Winter is setting in on the little farm in Northwest Georgia where I serve as caretaker for 13 overly-groomed and controlled acres, and with it cooler temps and rain are producing greens and mushrooms enough to provide food for me, barter for neighbors’ eggs, and gifts for city-bound friends more reliant on grocers and furnaces than I.
From the kitchen window this morning I look east across a closely-mowed field where, weeks ago, the edge of the woods veiled its inner machinations but now, for a brief while, the curtain has dropped and a sliver of the forest world is revealed. Deer follow their well-worn paths while crows gather in the canopy and shout their disdain for loss of cover. When my timing is lucky enough, I glimpse a sharp-shinned hawk knifing around and through the trees after a northern flicker or unsuspecting bluejay. Perhaps the shouting of the crows is a warning to their corvid cousin.
There is something comforting in the nakedness of this season.
It is warm enough in this tired old farmhouse whose only heat is a small propane burner in the living room keeping that space and the adjacent kitchen pleasant, but providing little for the back half of my home where piled blankets will suffice as fall turns to winter and even in Georgia the mercury will proclaim single digits soon enough.
I am sitting on the couch this morning where a thick, hot cup of coffee perfectly compliments the thin air and swirling winds outside. It is not cold today–forty-five degrees at last check–but as long as I stay inside and in the north end of the house, my imagination allows the angle of sunlight and level of mercury to be a little lower, my relative warmth that much greater, my coffee that much more comforting.

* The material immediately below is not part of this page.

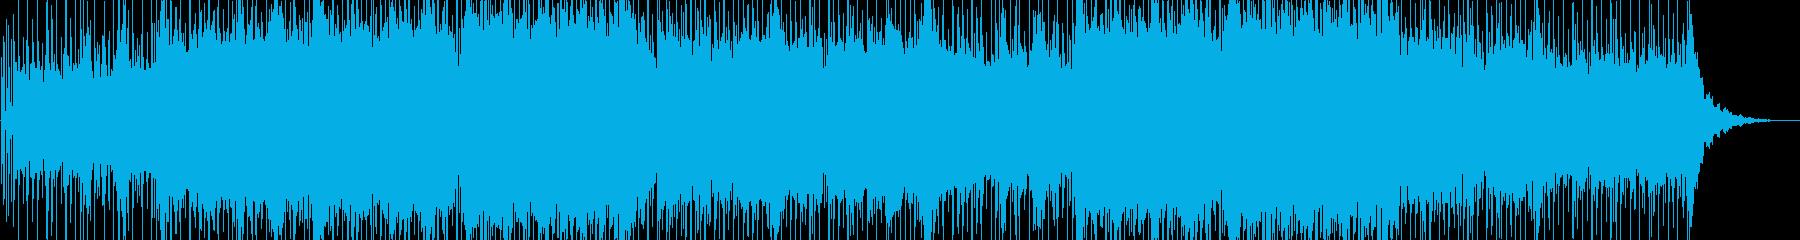 実験的な岩 バックシェイク 感情的...の再生済みの波形
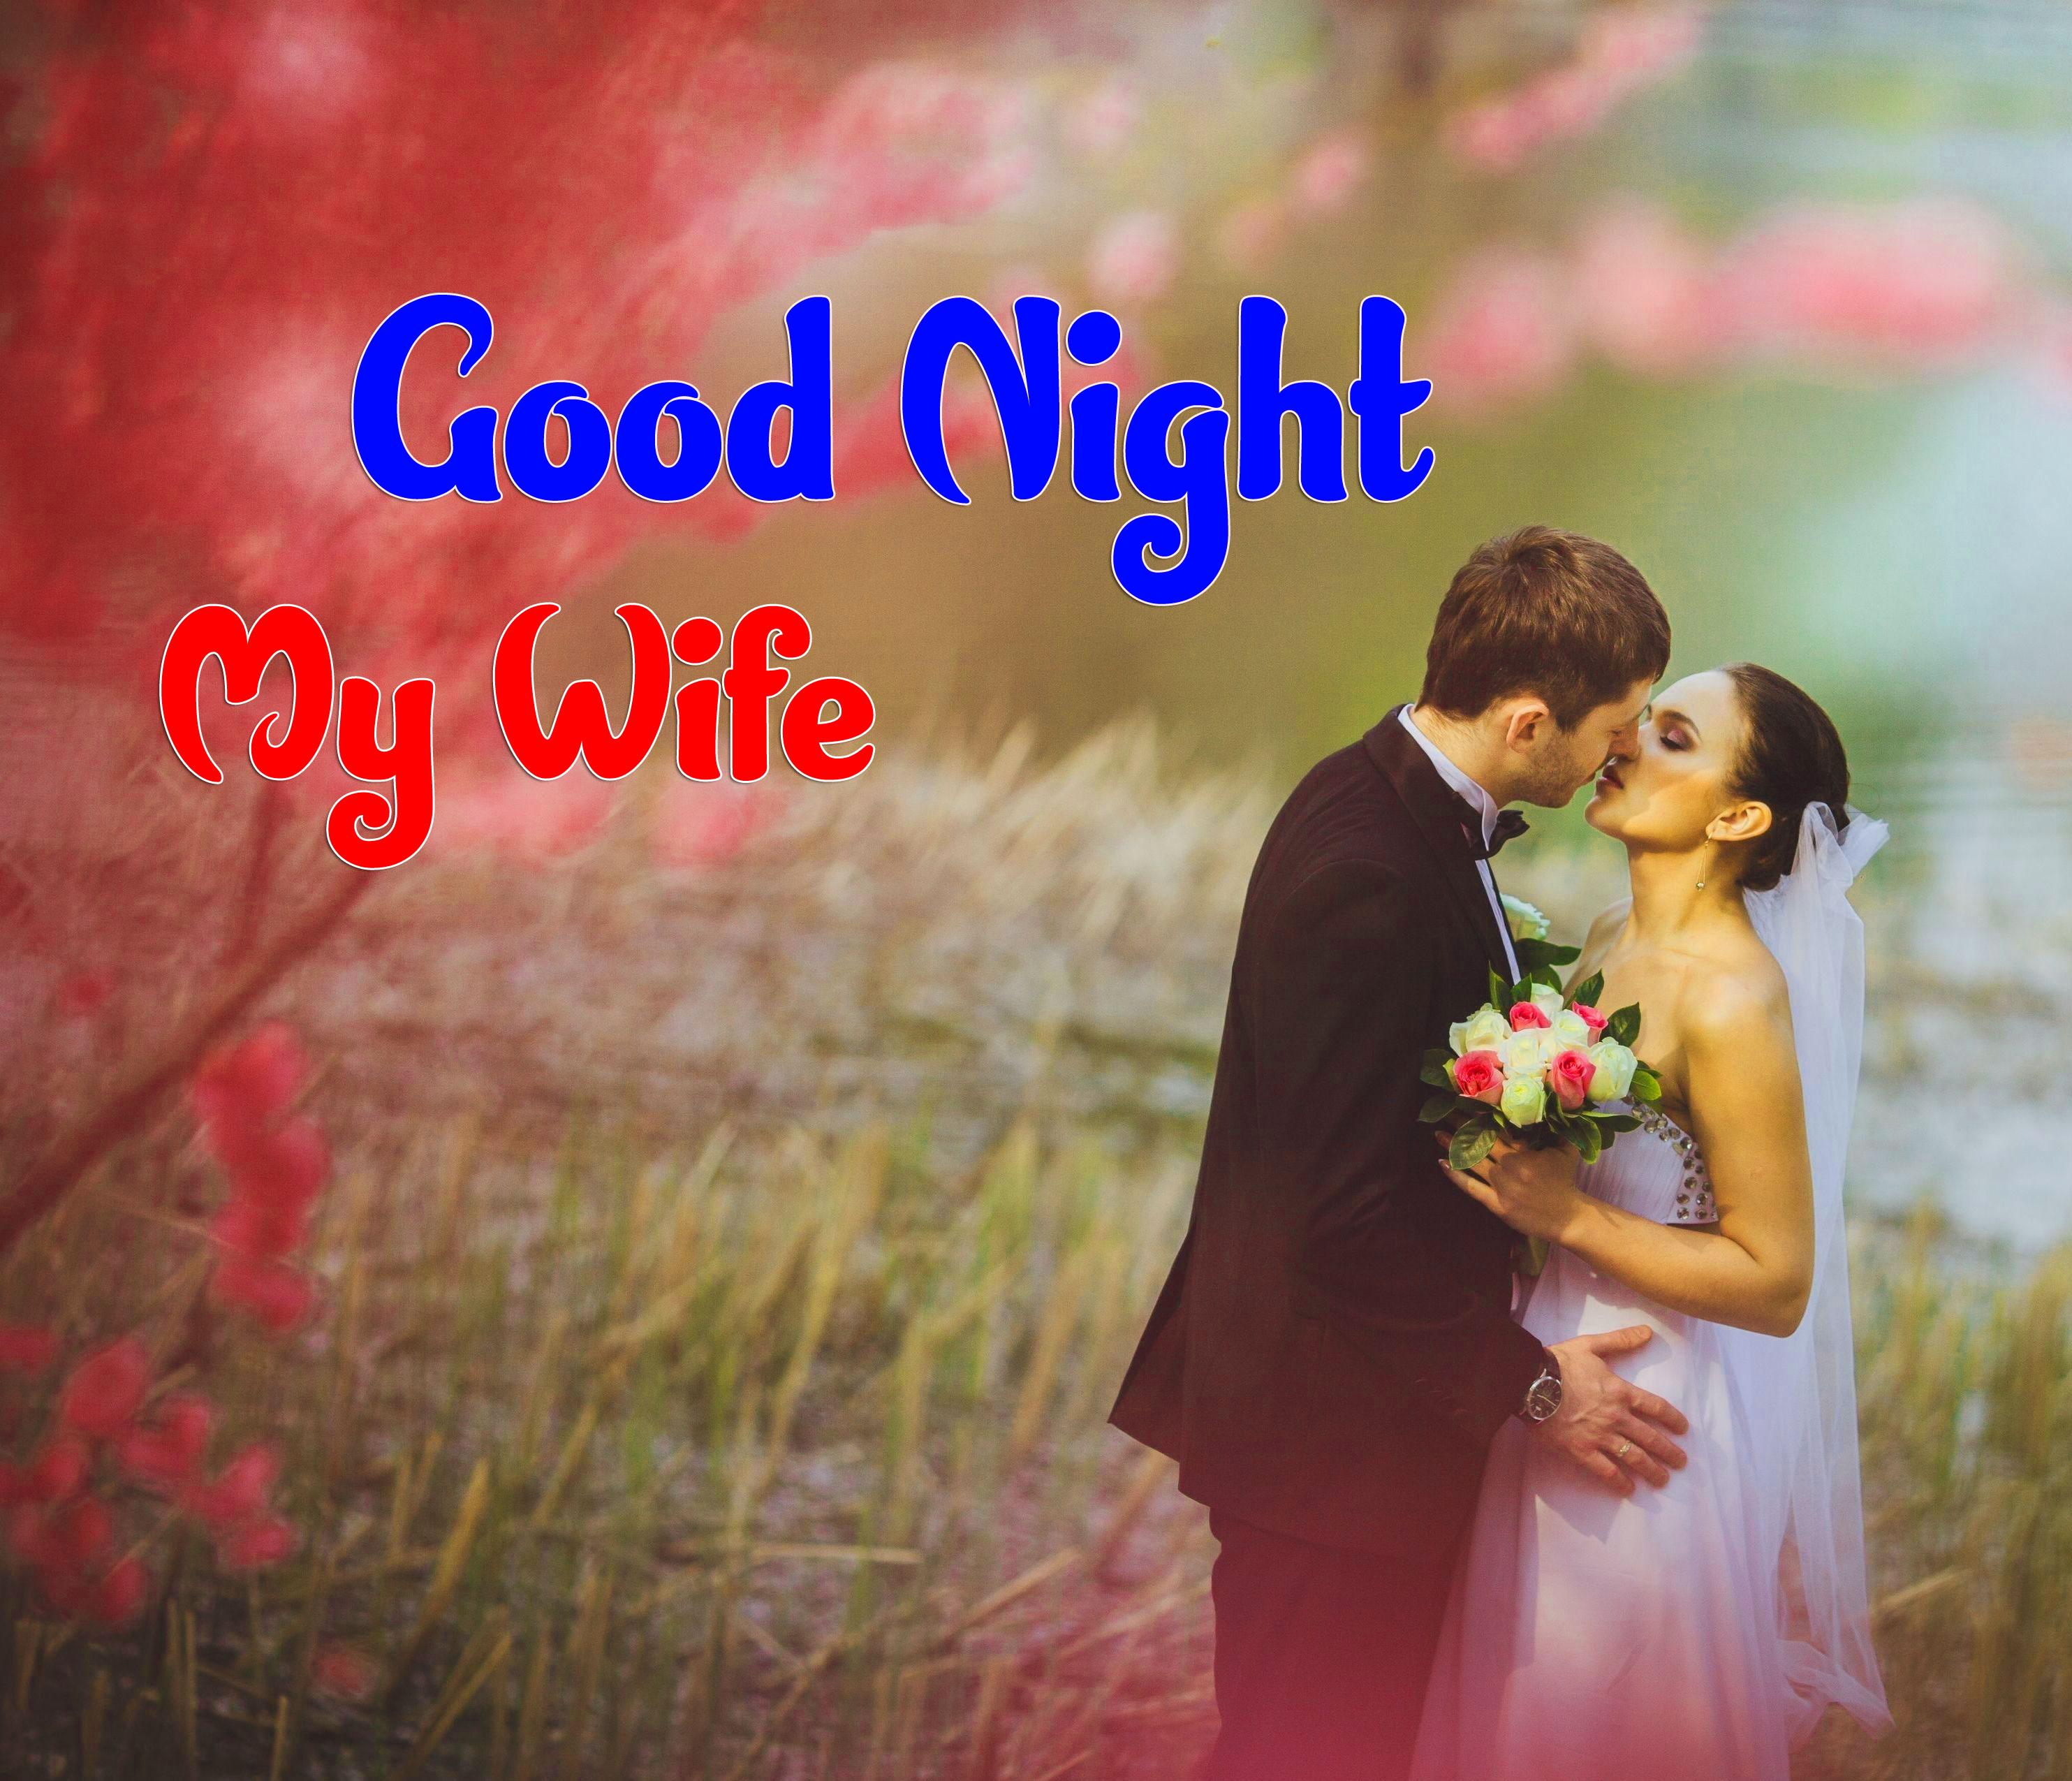 Girlfriend Good Night Wishes

The season brings new chores on the farm–grape vines long neglected need rescue from poplar, sweetgum, blackberry, and honeysuckle; the south “forty” is ready for bush-hogging; and several large burn piles await their fate. But I do not work outside today.
That this particular day of rest is a Sunday is coincidental. I do not, nor do the natural cycles that guide me, honor such a fixed and arbitrary allowance. Today could just as easily be a Thursday, a religious holiday, or the anniversary of a military battle (which it happens to be). For me, the December calendar marks but one day of significance, and that arrives in two weeks when the darkness of the solstice arrives and we once again begin looking toward spring. To mark that occasion, I will tell a story to a handful of people gathered to mark the occasion. But today I am sitting on the couch with my coffee while a winter flock of mixed blackbirds moves through the yard after grass seeds, some of them lucky enough to stumble upon tiny cracklins I scattered there last week after rendering a month’s worth of lard.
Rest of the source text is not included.